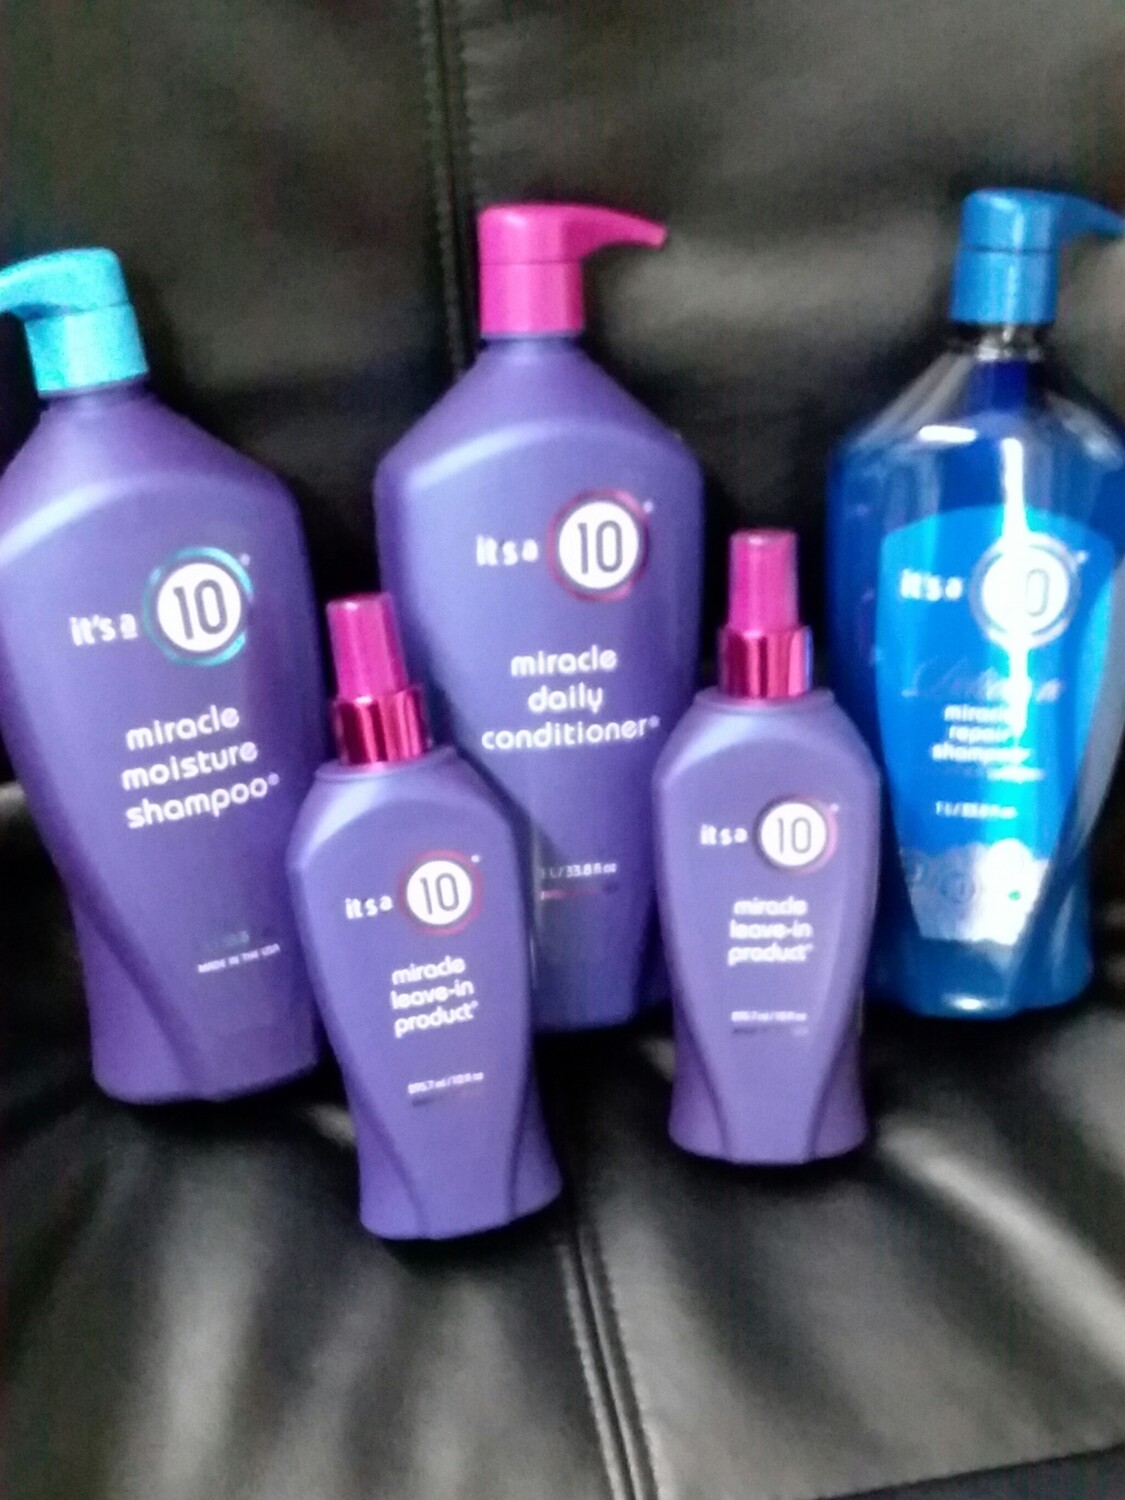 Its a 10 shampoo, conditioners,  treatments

※

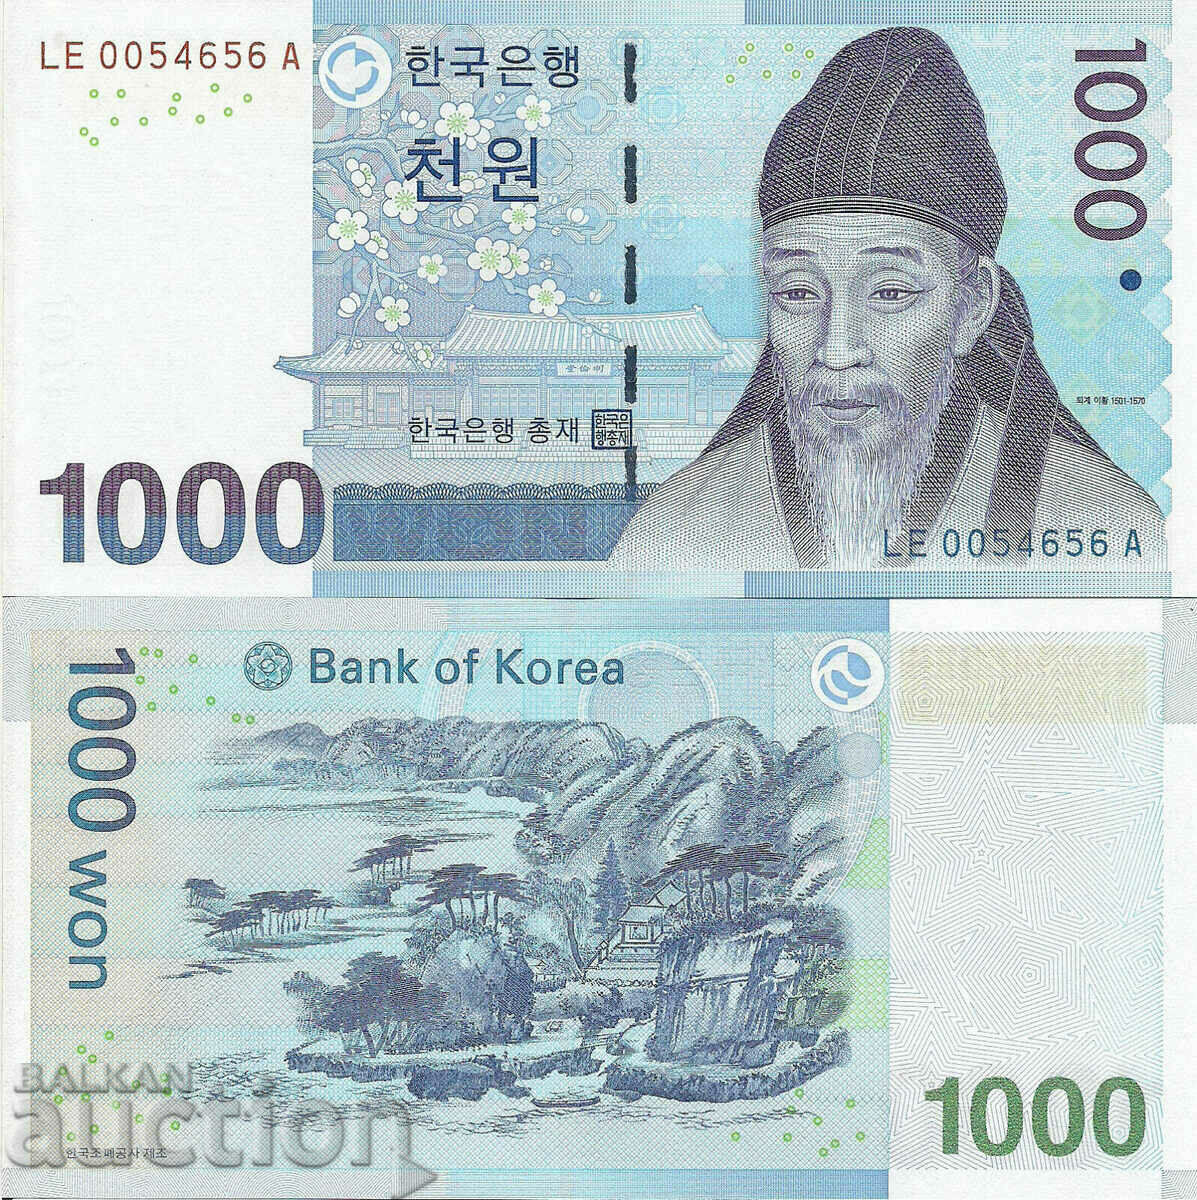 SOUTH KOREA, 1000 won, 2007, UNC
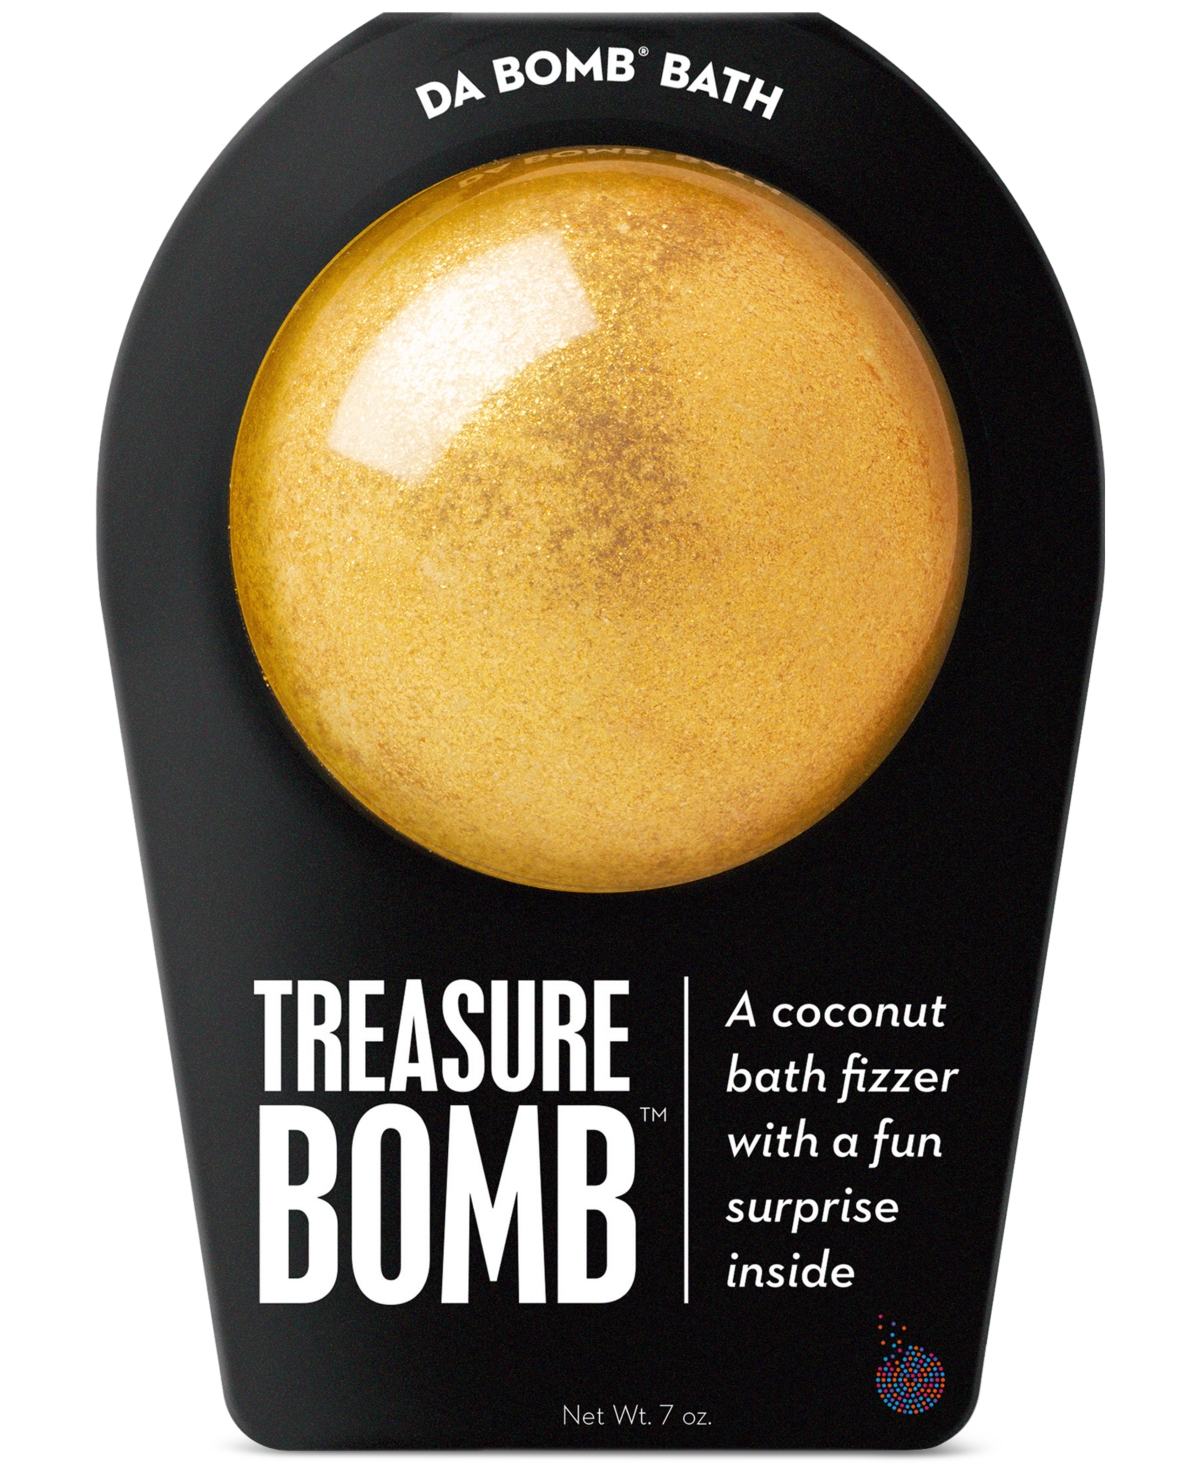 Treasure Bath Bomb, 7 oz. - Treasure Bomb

※

Give again the stretch of the entries above that begins at the line with "SOUTH KOREA, 1000 won, 2007, UNC" and ends at the line with "Treasure Bath Bomb, 7 oz. - Treasure Bomb", word for word, with no pictures.

Exercise response:
 SOUTH KOREA, 1000 won, 2007, UNC
 Treasure Bath Bomb, 7 oz. - Treasure Bomb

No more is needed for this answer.